▼

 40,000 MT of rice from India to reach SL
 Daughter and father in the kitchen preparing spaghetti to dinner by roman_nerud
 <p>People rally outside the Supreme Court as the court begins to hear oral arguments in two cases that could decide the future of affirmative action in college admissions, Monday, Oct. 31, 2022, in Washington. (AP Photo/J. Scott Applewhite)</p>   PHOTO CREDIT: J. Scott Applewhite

▲
▼

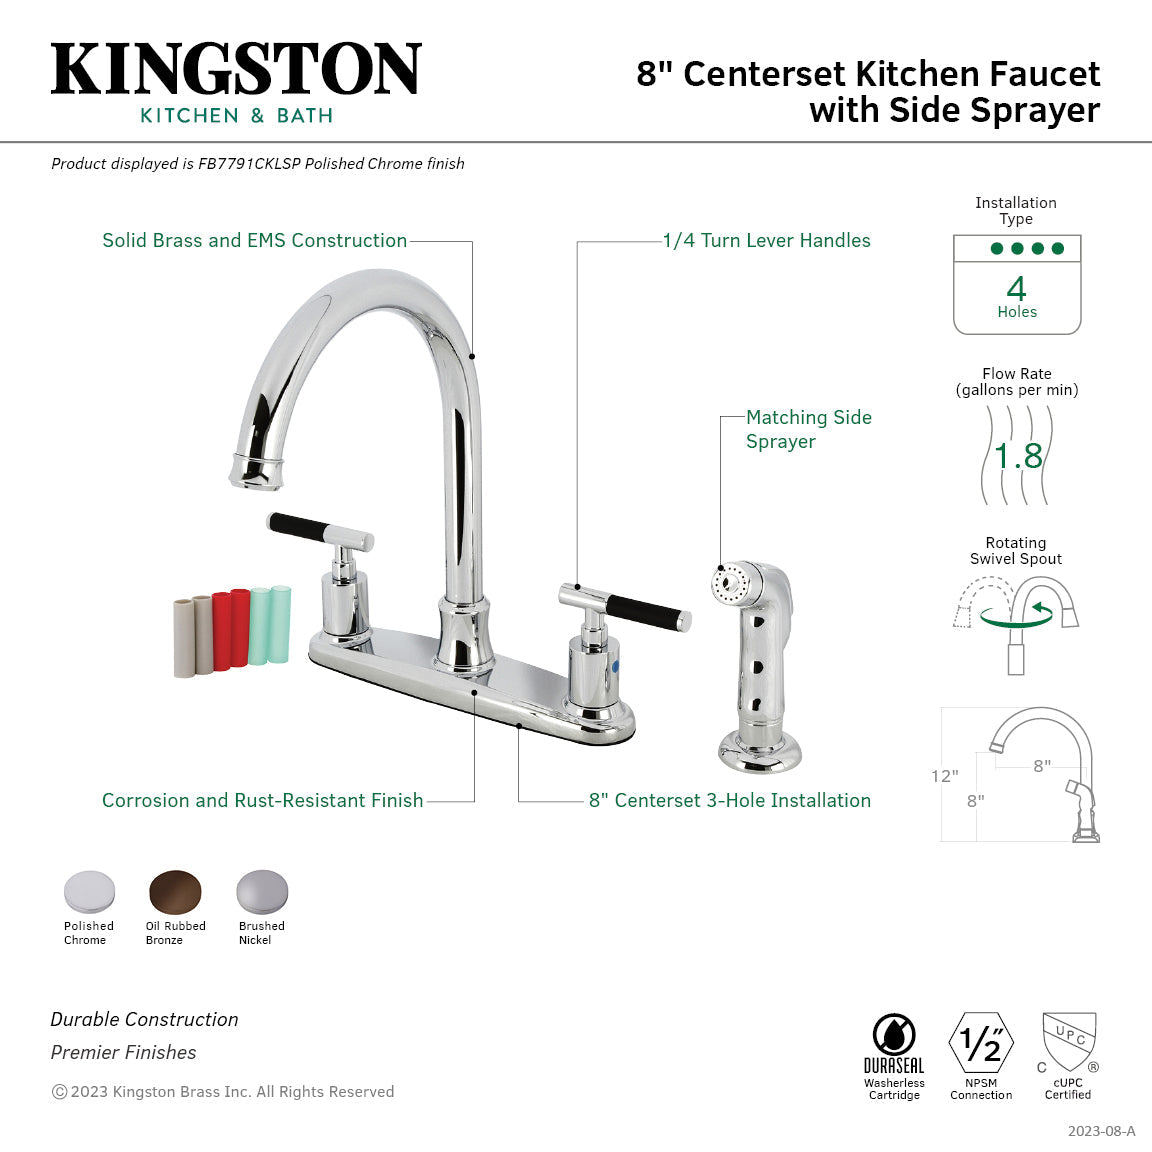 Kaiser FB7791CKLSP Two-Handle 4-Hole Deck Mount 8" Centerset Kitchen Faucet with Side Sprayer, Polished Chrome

▲
▼

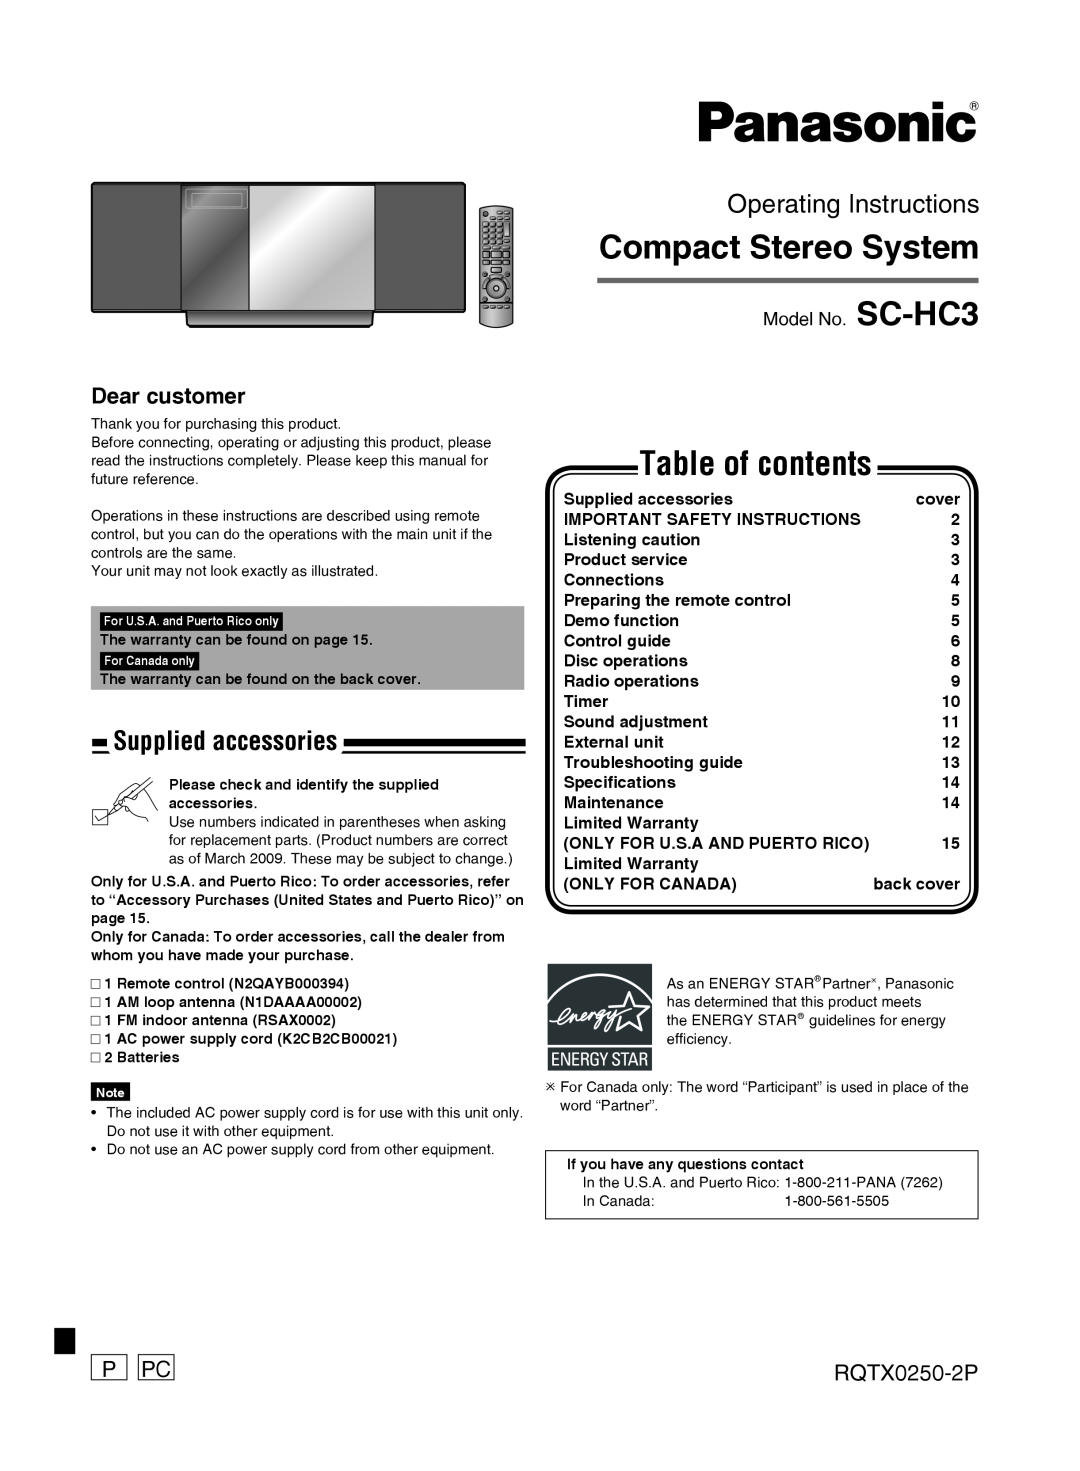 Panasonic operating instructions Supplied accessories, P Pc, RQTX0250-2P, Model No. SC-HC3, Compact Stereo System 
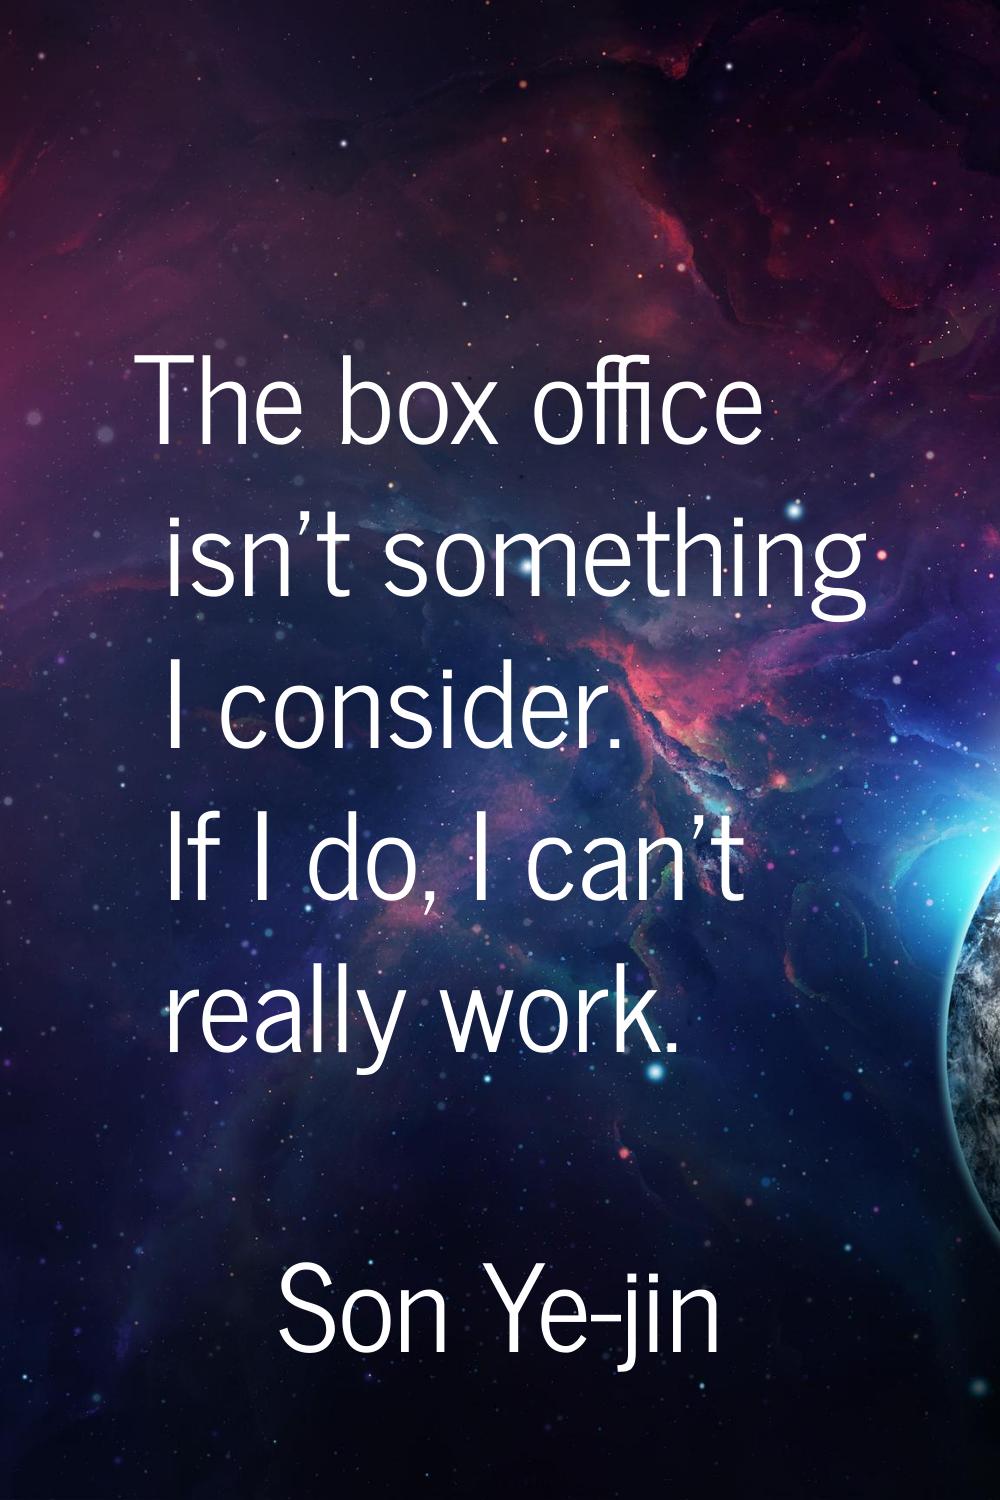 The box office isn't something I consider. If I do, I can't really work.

▲

Print the lines above from the one with "40,000 MT of rice from India to reach SL" through the one with "<p>People rally outside", both included, exactly as written and nothing more.

• **Task answer**:
 40,000 MT of rice from India to reach SL
 Daughter and father in the kitchen preparing spaghetti to dinner by roman_nerud
 <p>People rally outside the Supreme Court as the court begins to hear oral arguments in two cases that could decide the future of affirmative action in college admissions, Monday, Oct. 31, 2022, in Washington. (AP Photo/J. Scott Applewhite)</p>   PHOTO CREDIT: J. Scott Applewhite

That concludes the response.